The United Nations General Assembly held a thematic debate on the global food crisis in New York earlier this month and examined the right to food and the challenges that those living in poverty face just to survive. Economists, human rights specialists, and officials had gathered to assess the current agriculture production methods in an attempt to solve the challenge of hunger and to satisfy the basic human right to food.

Exploring the context of the global food crisis, a joint statement from the WFP, the UN Food and Agriculture Organization (FAO), and the International Fund for Agricultural Development (IFAD) revealed the contributing factors, namely poverty, lack of access to land, migration, and climate-related events that hurt harvests. Due to the current economic crisis, investments in and development aid to poor countries have declined.

According to the joint statement, “the global food crisis is not a new crisis, but the sudden worsening of a structural crisis that even before the food price surge has prevented over 850 million women, men and children from having access to adequate food necessary for an active and healthy life.”

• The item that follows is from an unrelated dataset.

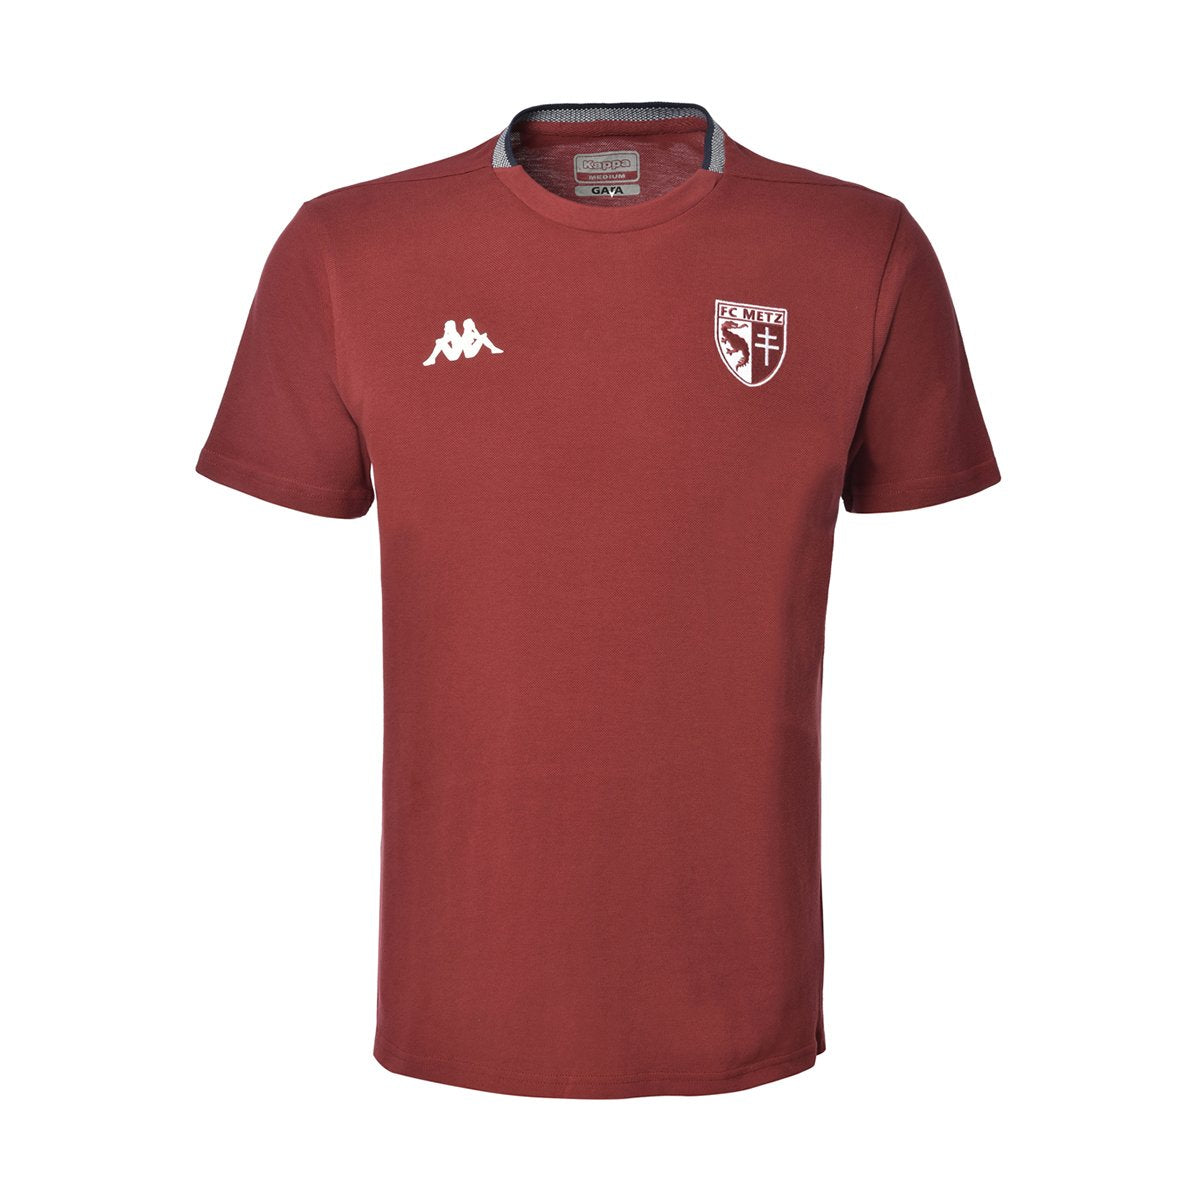 Camiseta Angelico Fc Metz Rojo Hombre - Imagen 1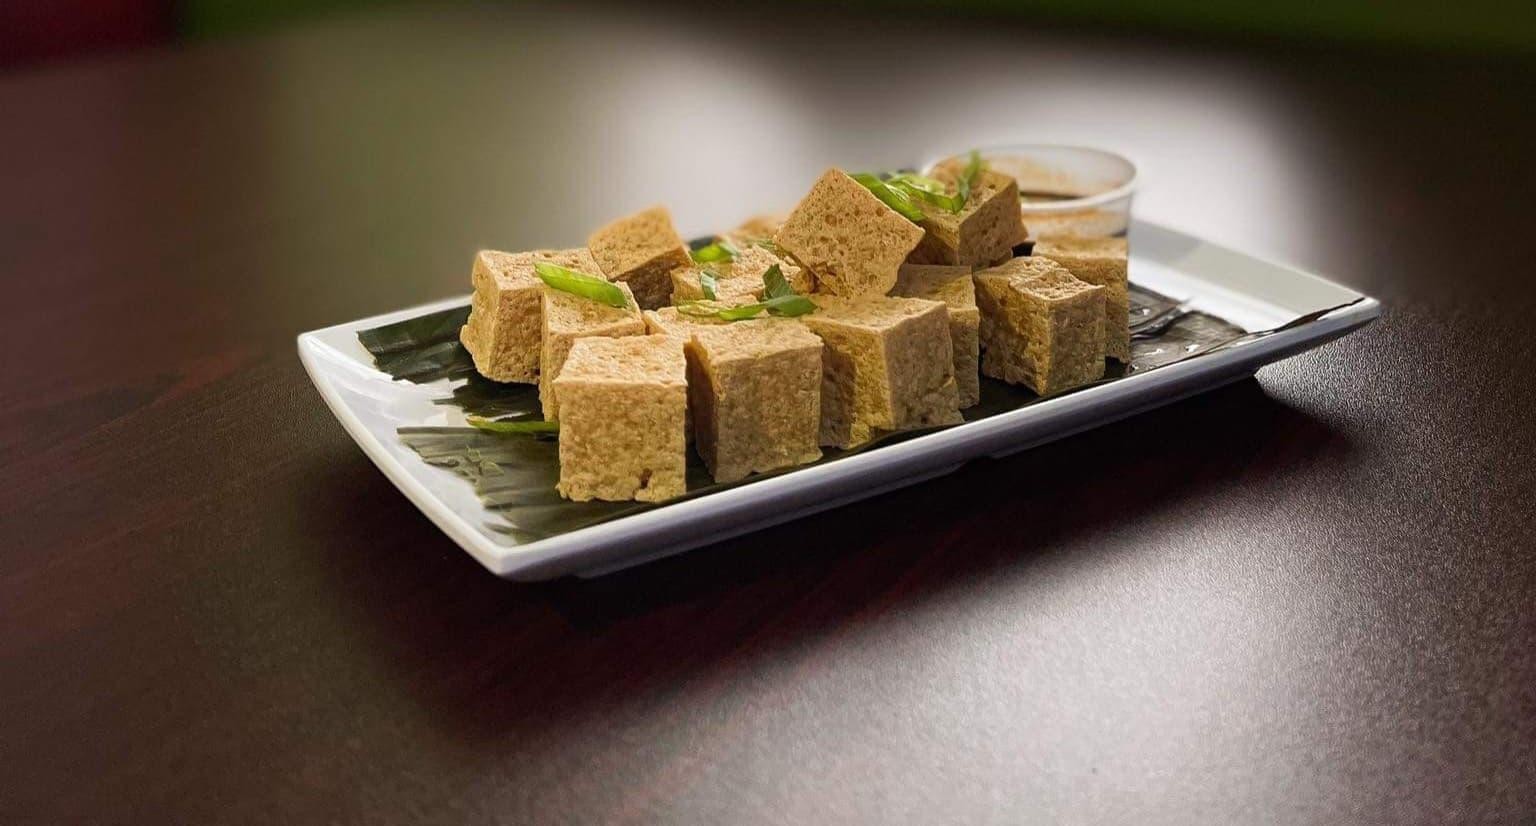 03. Fried Tofu

At the debate, UN Special Rapporteur on the right to food, Olivier De Schutter, underscored the crucial need of the international community to initiate of national strategies in support of the right to food and to examine various models of agricultural development in relation to the world’s poorest. He urged that the rights of agricultural workers be improved, providing social protection and the right to a living wage.

He broke down the one billion hungry people into three categories of vulnerability: small-scale farmers and self-employed food producers, which make up 60 percent of the hungry; landless agricultural workers at 20 percent; and the urban poor which comprise the remaining 20 percent. Citing it as a “rights-based approach to the global food crisis,” and building on the recommendations in the Right to Food Guidelines, the Special Rapporteur stressed that it was important to view each category with equal attention and to make sure each groups’ rights were “adequately protected.”

“By focusing on the most vulnerable, the human rights-based approach ensures that targeted action will benefit the food insecure without discrimination,” said the joint statement by WFP, FAO, and IFAD.

Programmes, such as WFP’s “Fill the Cup,” work to feed the 59 million hungry children in developing regions. The red cup that symbolizes the campaign is used to feed children at schools, and has become a powerful representation of the daily challenges that confront young children. Twenty-five cents per day ensures that one child is fed through a WFP school meal. In schools where WFP provided meals, enrollment increased by 28 percent for girls and 22 percent for boys during the first year of assistance.

According to Prior, the most vulnerable are under five years of age and WFP has created targeted programmes for this age group. Prior told MediaGlobal, “In particular, this has meant the increased use of products such as Supplementary Plumpy Nut for children with moderate acute malnutrition. This product has extremely high nutritional properties and allows children to be treated at home.”

Officials at the UN General Assembly debate reinforced the importance of the basic right for all people to have equal access to food. But for the children who live in hunger daily, this is often elusive and hard to obtain.